Wearable Electrical Impedance Tomography Belt With Dry Electrodes

• Published in: IEEE transactions on biomedical engineering Vol. 69; no. 2; pp. 955 - 962
• Main Authors: Lin, Bor-Shing, Yu, Hong-Ren, Kuo, Yu-Ting, Liu, Yu-Wei, Chen, Heng-Yin, Lin, Bor-Shyh
• Format: Journal Article
• Language: English
• Published: United States IEEE 01.02.2022; The Institute of Electrical and Electronics Engineers, Inc. (IEEE)

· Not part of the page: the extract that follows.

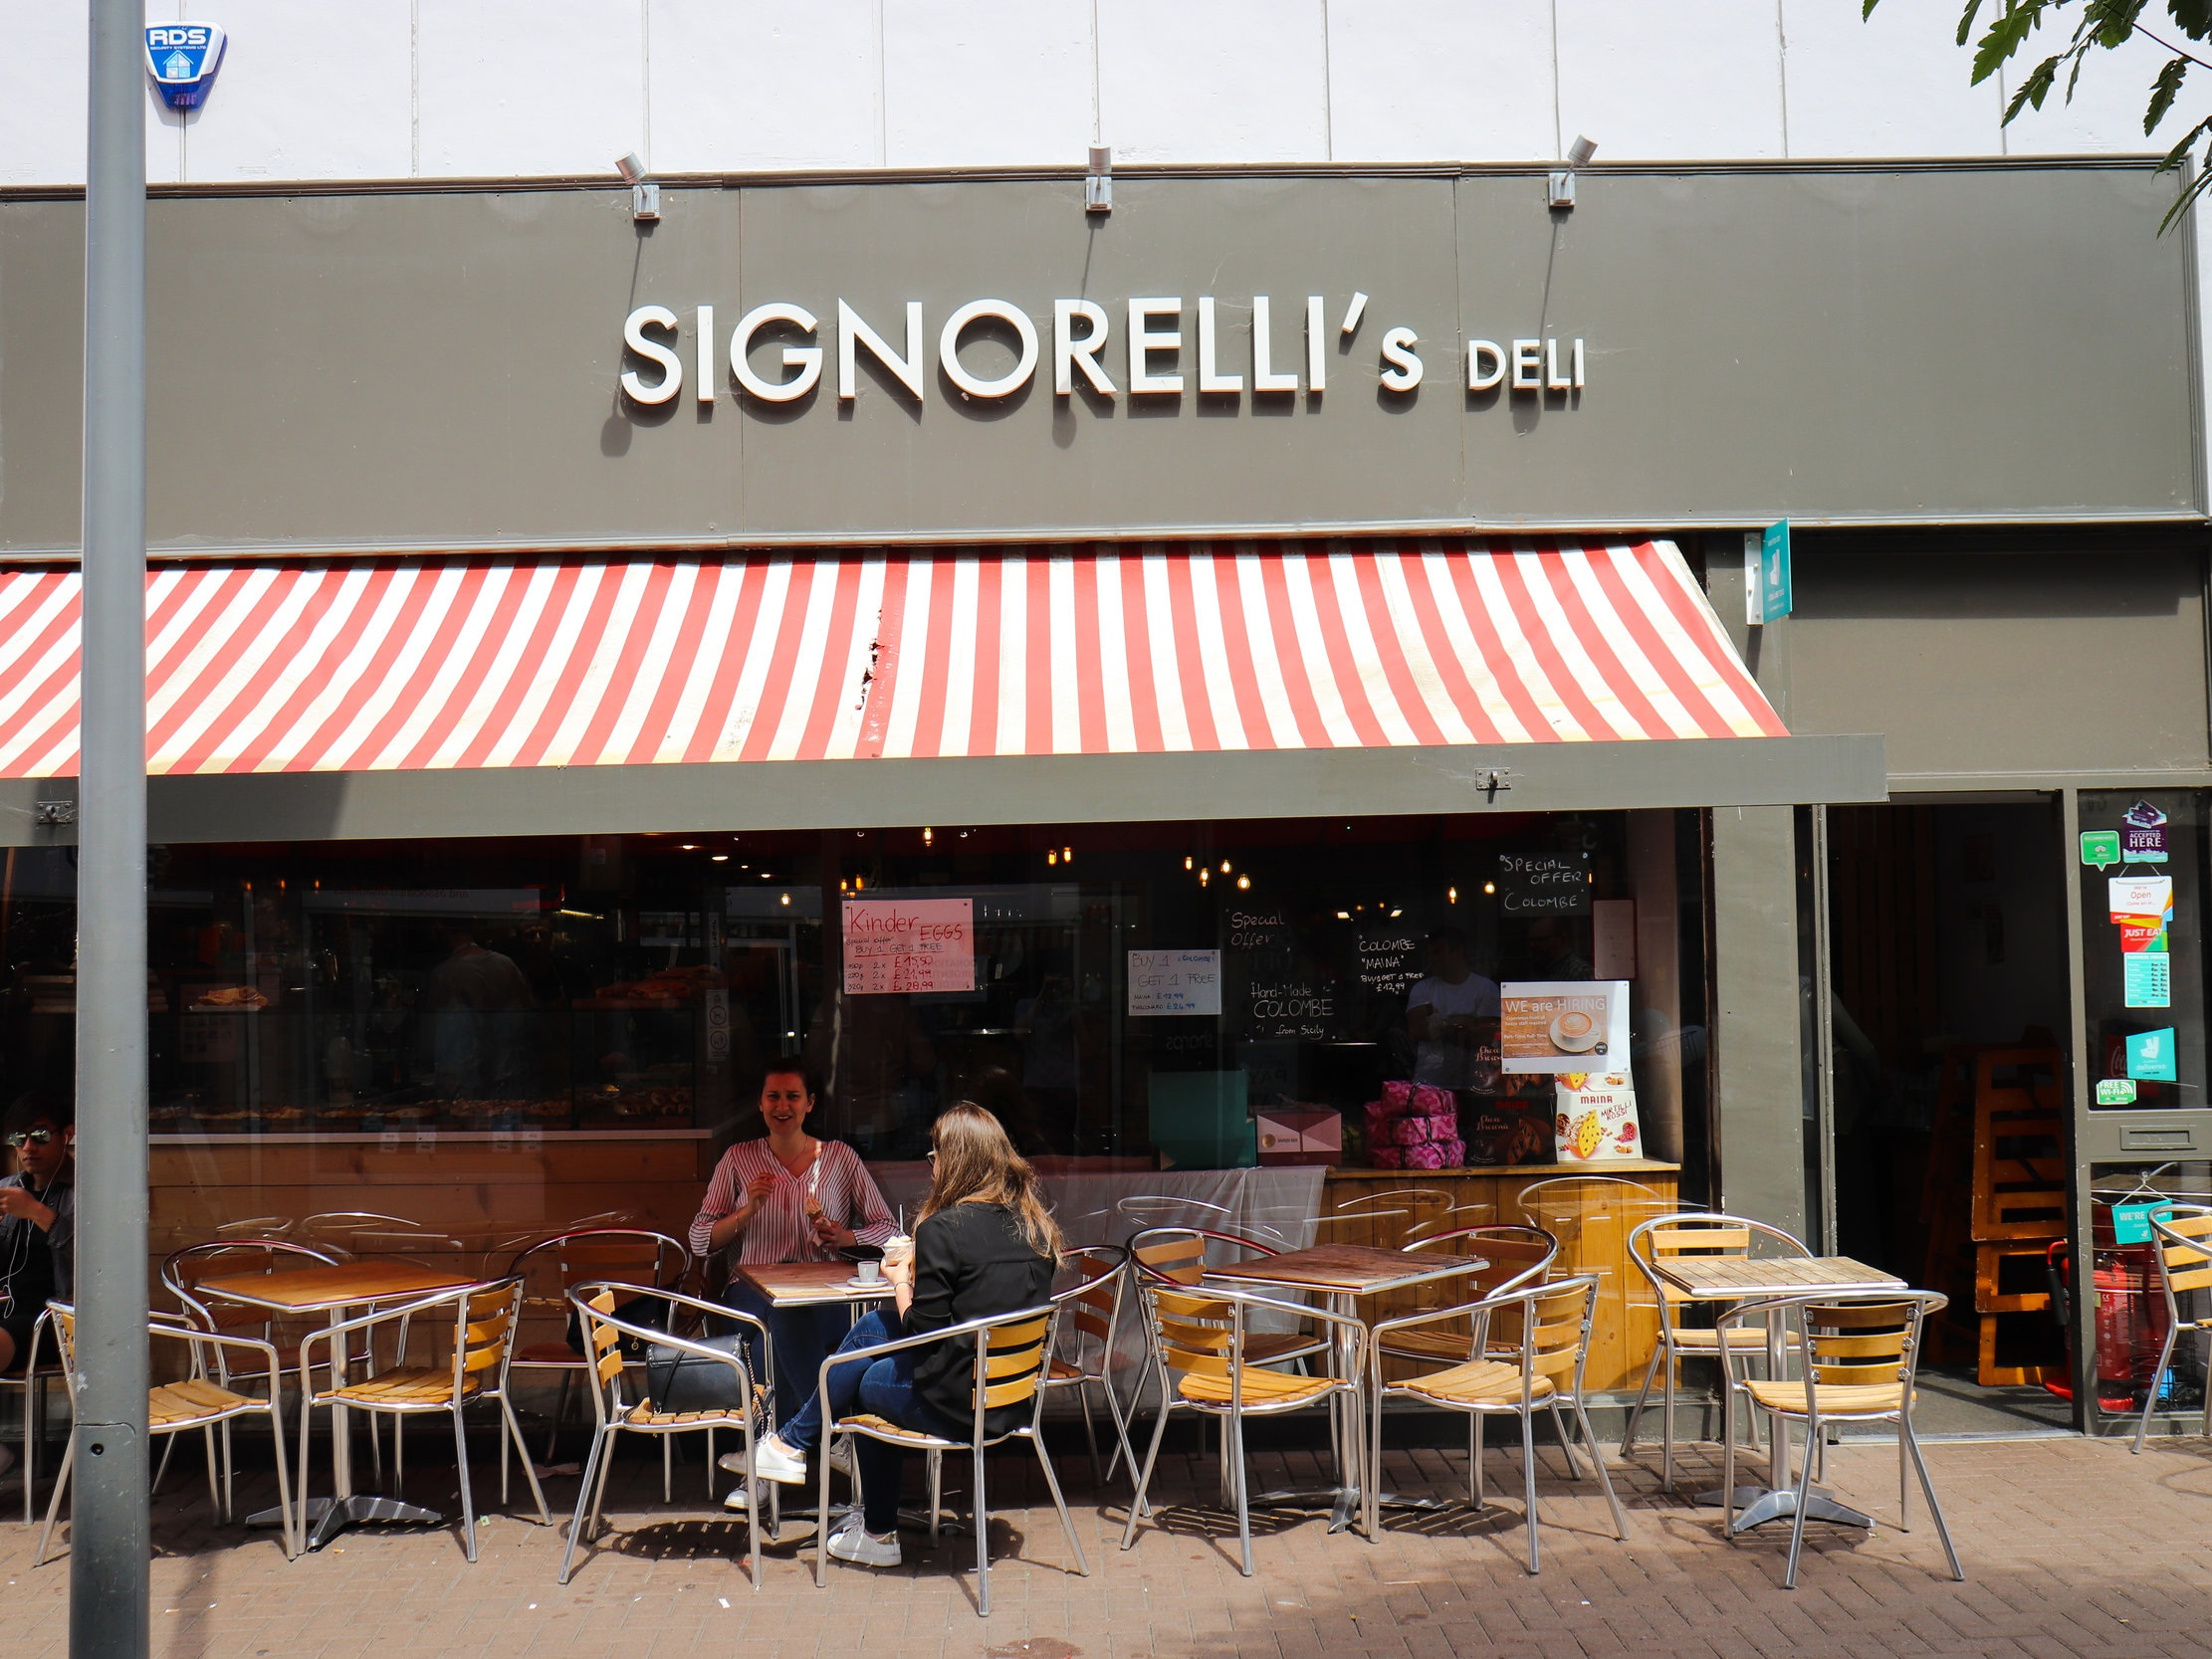 Signorelli's Deli - 10% of all food bills, Italian wines, spirits and dry deli

• Subjects: Algorithms; Belts; Conductivity; Conductivity distribution; dry electrodes; Electric Impedance; Electrical impedance; Electrical impedance tomography; Electrodes; Gauss–Newton method; Gels; Human body; Humans; Image processing; Image reconstruction; Impedance; Newton methods; specific belt mechanism design; Tomography; Tomography - methods; Tomography, X-Ray Computed; Voltage measurement; Wearable Electronic Devices; Wearable technology; Wireless communication
• ISSN: 0018-9294; 1558-2531; 1558-2531
• DOI: 10.1109/TBME.2021.3110527

Objective: Electrical impedance tomography (EIT) is a noninvasive imaging technology used to reconstruct the conductivity distribution in objects and the human body. Methods: In recent years, numerous EIT systems and image reconstruction algorithms have been developed. However, most of these EIT systems require conventional electrodes with conductive gels (wet electrodes) and cannot be adapted to different body types, resulting in limited applicability. Results: In this study, a wearable wireless EIT belt with dry electrodes was designed to enable EIT imaging of the human body without using wet electrodes. The specific design of the belt mechanism and dry electrodes provide the advantages of easy wear and adaptation to different body sizes. Additionally, the Gauss-Newton method was used to optimize the EIT image. Conclusion: Finally, experiments were performed on the phantom and human body to validate the performance of the proposed EIT belt. Significance: The results demonstrate that the proposed system can provide accurate location information of the objects in the EIT image and the system can be successfully applied for noninvasive measurement of the human body.